::: DATA EXCERPT :::
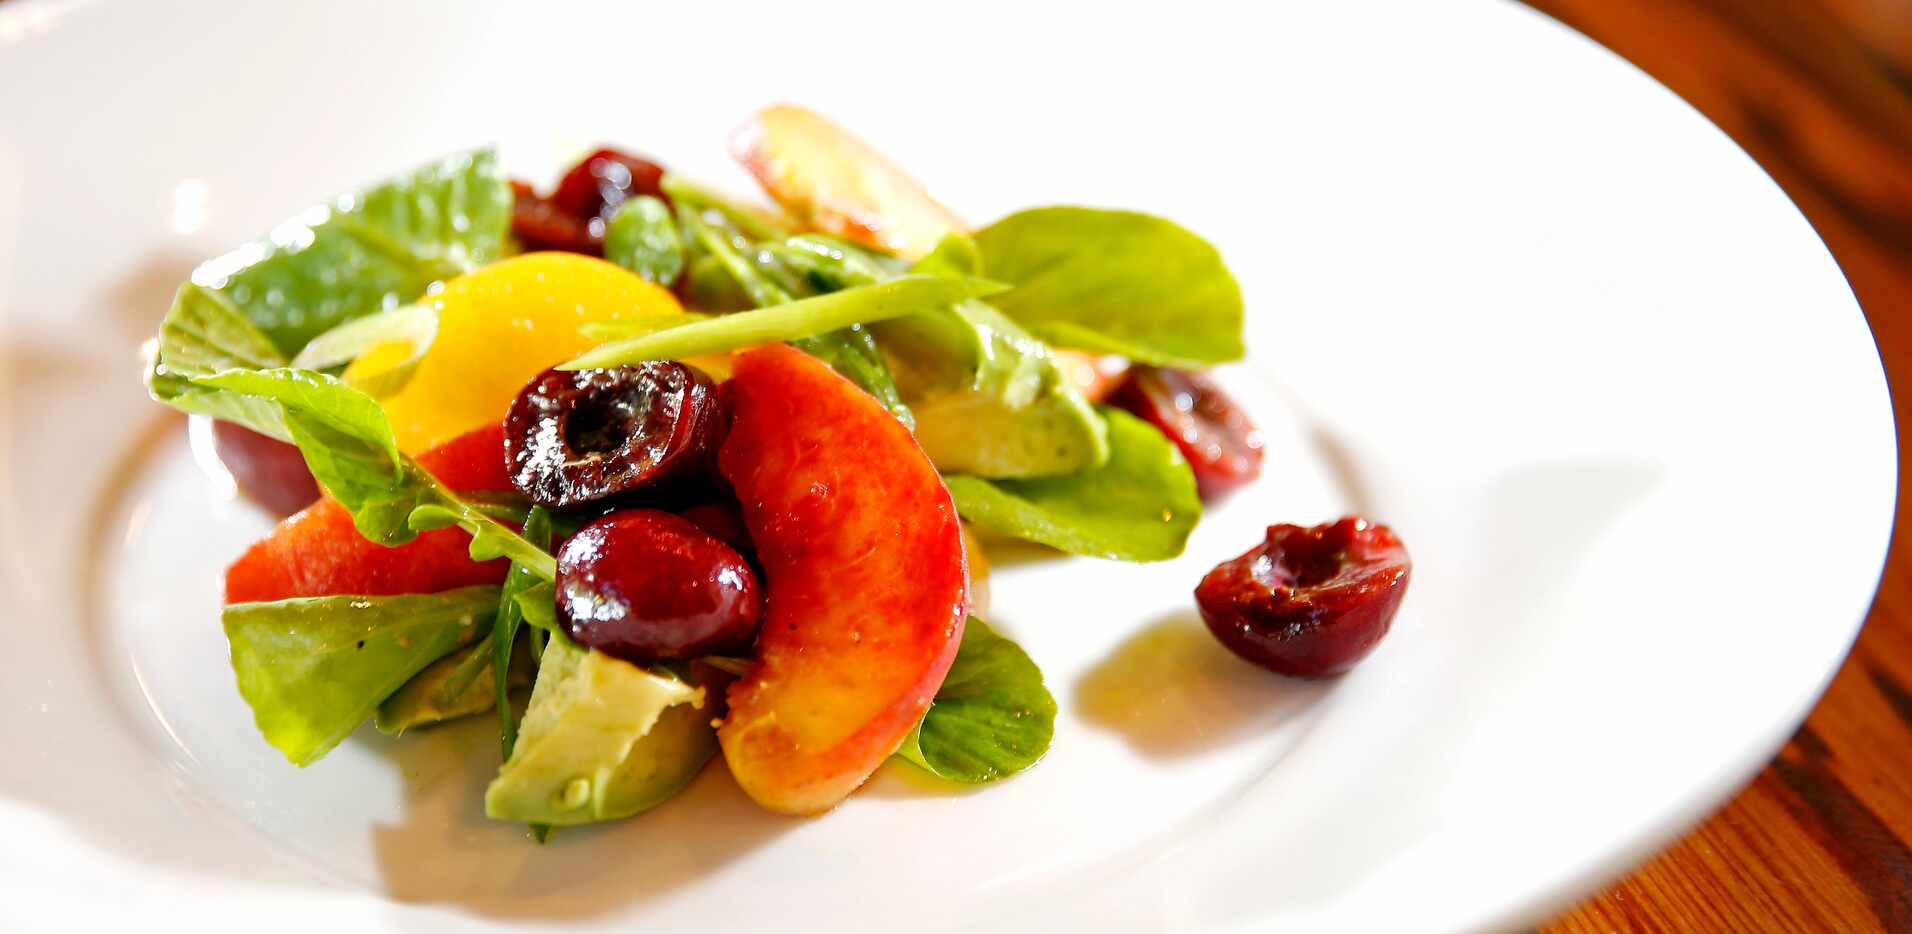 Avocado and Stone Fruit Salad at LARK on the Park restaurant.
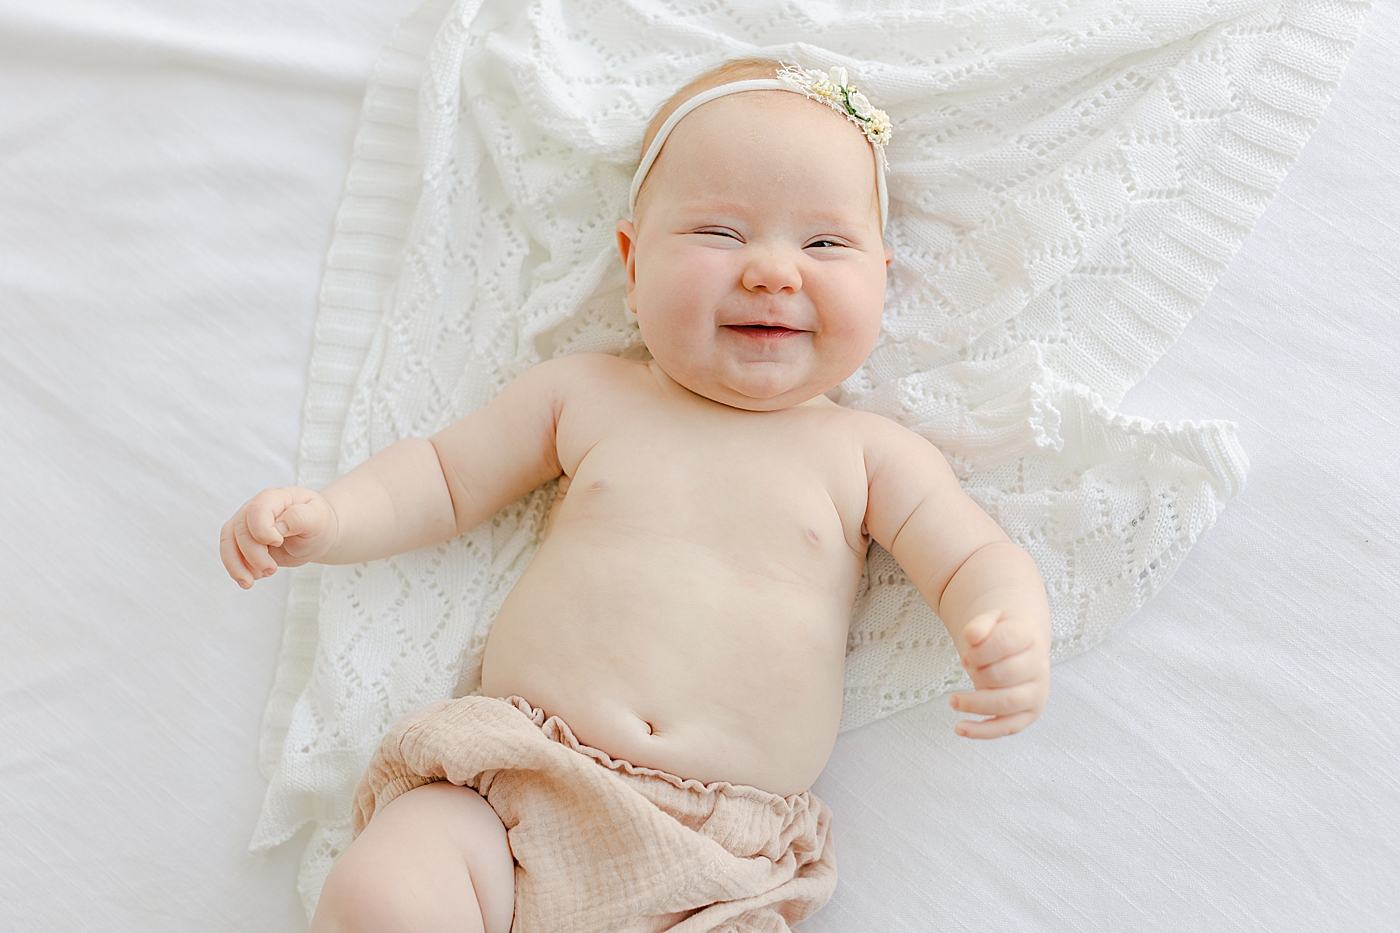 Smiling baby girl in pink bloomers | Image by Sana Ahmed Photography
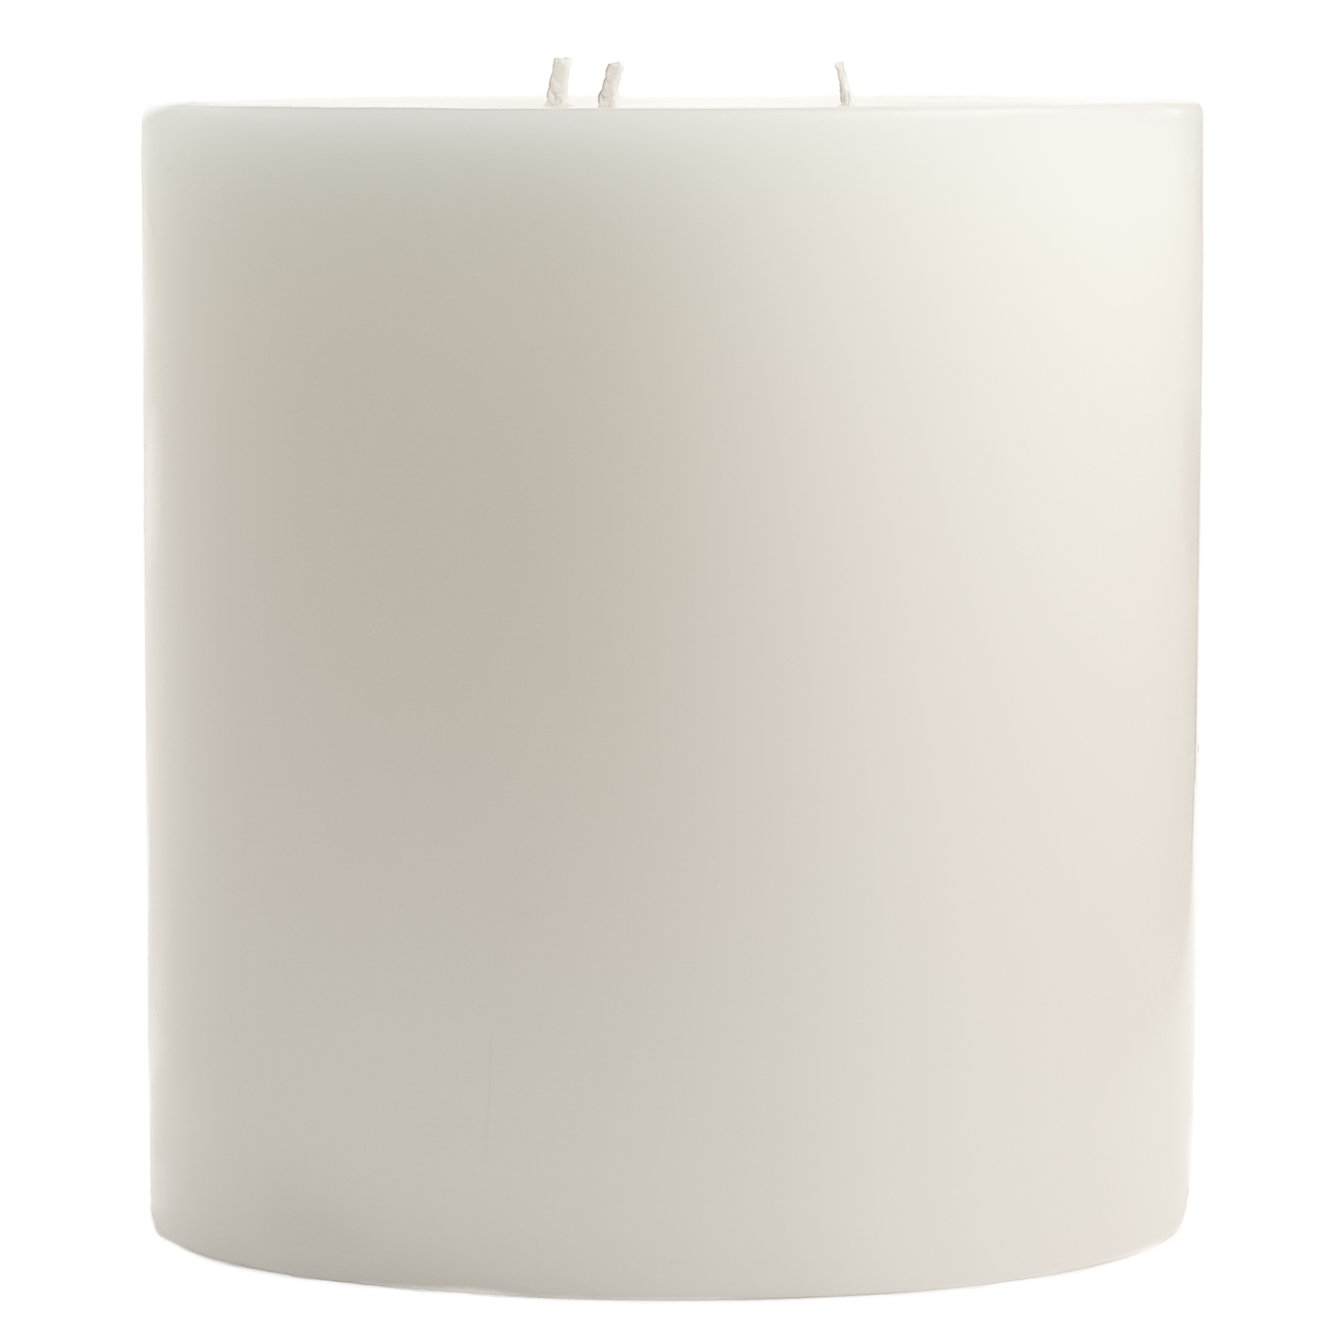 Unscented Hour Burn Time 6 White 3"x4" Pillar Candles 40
:::
### WORK TASK
Copy exactly the lines from the line holding "Smiling baby girl" to the final line of the listing, and leave the pictures out.

### RESPONSE BOX
 Smiling baby girl in pink bloomers | Image by Sana Ahmed Photography
 Unscented Hour Burn Time 6 White 3"x4" Pillar Candles 40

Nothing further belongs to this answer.